Presented By O’Reilly and Cloudera
Make Data Work
21–22 May 2018: Training
22–24 May 2018: Tutorials & Conference
London, UK

Data visualization in a big data world

Jeff Fletcher (Cloudera)
12:0512:45 Wednesday, 23 May 2018
Data science and machine learning, Visualization and user experience
Location: Capital Suite 14 Level: Intermediate
Secondary topics:  Visualization, Design, and UX
Average rating: ****.
(4.73, 11 ratings)

Who is this presentation for?

  • Data visualization practitioners and data scientists

Prerequisite knowledge

  • Data science or data visualization implementation experience

What you'll learn

  • Gain an overview of data visualization techniques and tools for working with large datasets and techniques to better communicate probability and uncertainty


As big data adoption grows, Apache Hadoop, Apache Spark, and machine learning technologies are increasingly being used to analyze ever-larger datasets, but we still have to keep telling stories about the data and making sure the message is clear. There is a lot of of overlap between the roles of data scientist and data visualizer, but the primary difference is the visualizer’s focus on storytelling. Data science sometimes requires visualization and storytelling, but the focus is more on creating models and understanding the structure of the data. Data visualization, on the other hand, is about being able to convey a story about the data or the models that are built.

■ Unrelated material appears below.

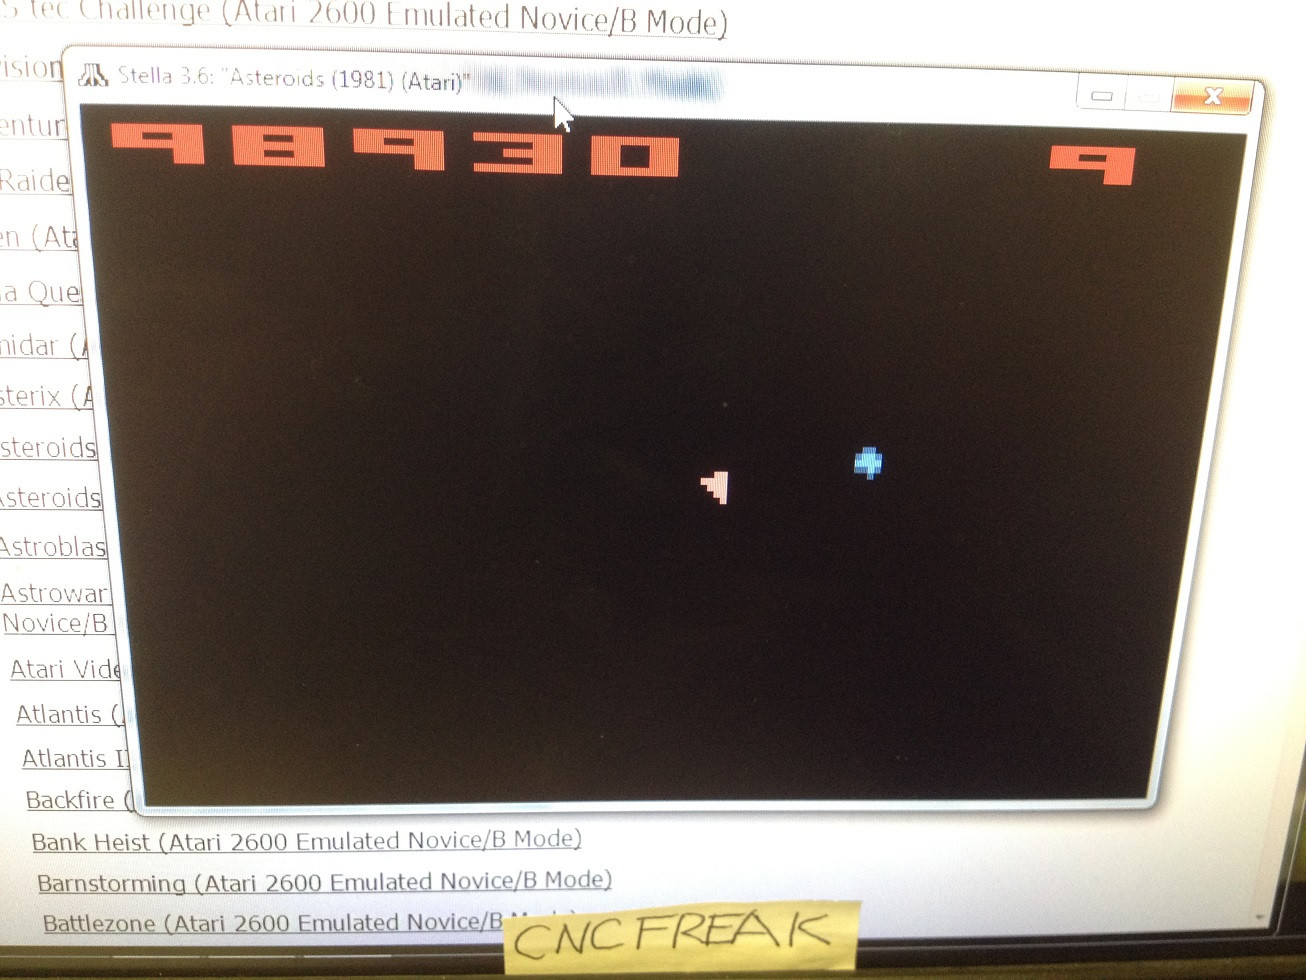 cncfreak: Asteroids (Atari 2600 Emulated Novice/B Mode) 98,930 points on 2013-10-17 10:03:15

Jeff Fletcher details the tools and techniques that are relevant to data visualization practitioners working with large datasets and predictive models. Jeff outlines the skills data scientists need to improve their data visualizations, new mechanisms for visually representing the range of data, including encoding techniques that better portray the mean and error for collected data, how to visualize predicted data points, and new tools and techniques for doing visualization on large datasets, including live demos using Hadoop, Spark, SQL, R, Python, and notebooks, as well techniques to visualize uncertainty from machine learning models.

Photo of Jeff Fletcher

Jeff Fletcher


Jeff Fletcher is a systems engineer at Cloudera, where he helps customers build big data infrastructure. Jeff has been involved in internet technology all his professional life. Previously, he worked on the initial internet infrastructure team and managed aspects of the Johannesburg Beltel installation at Telkom; designed and implemented new internet products and services at Sprint (which became UUNET which became Verizon Business); founded Antfarm Networking Technologies, South Africa’s first streaming and webcasting company; and led the product development team at Internet Solutions (then IS). He does occasional consulting for corporate companies looking to move beyond pie charts. Jeff was shortlisted for an Information Is Beautiful award in 2015. He is the creator of, a blog dedicated to the art of data visualization. Jeff holds a degree in electrical engineering from Witwatersrand University.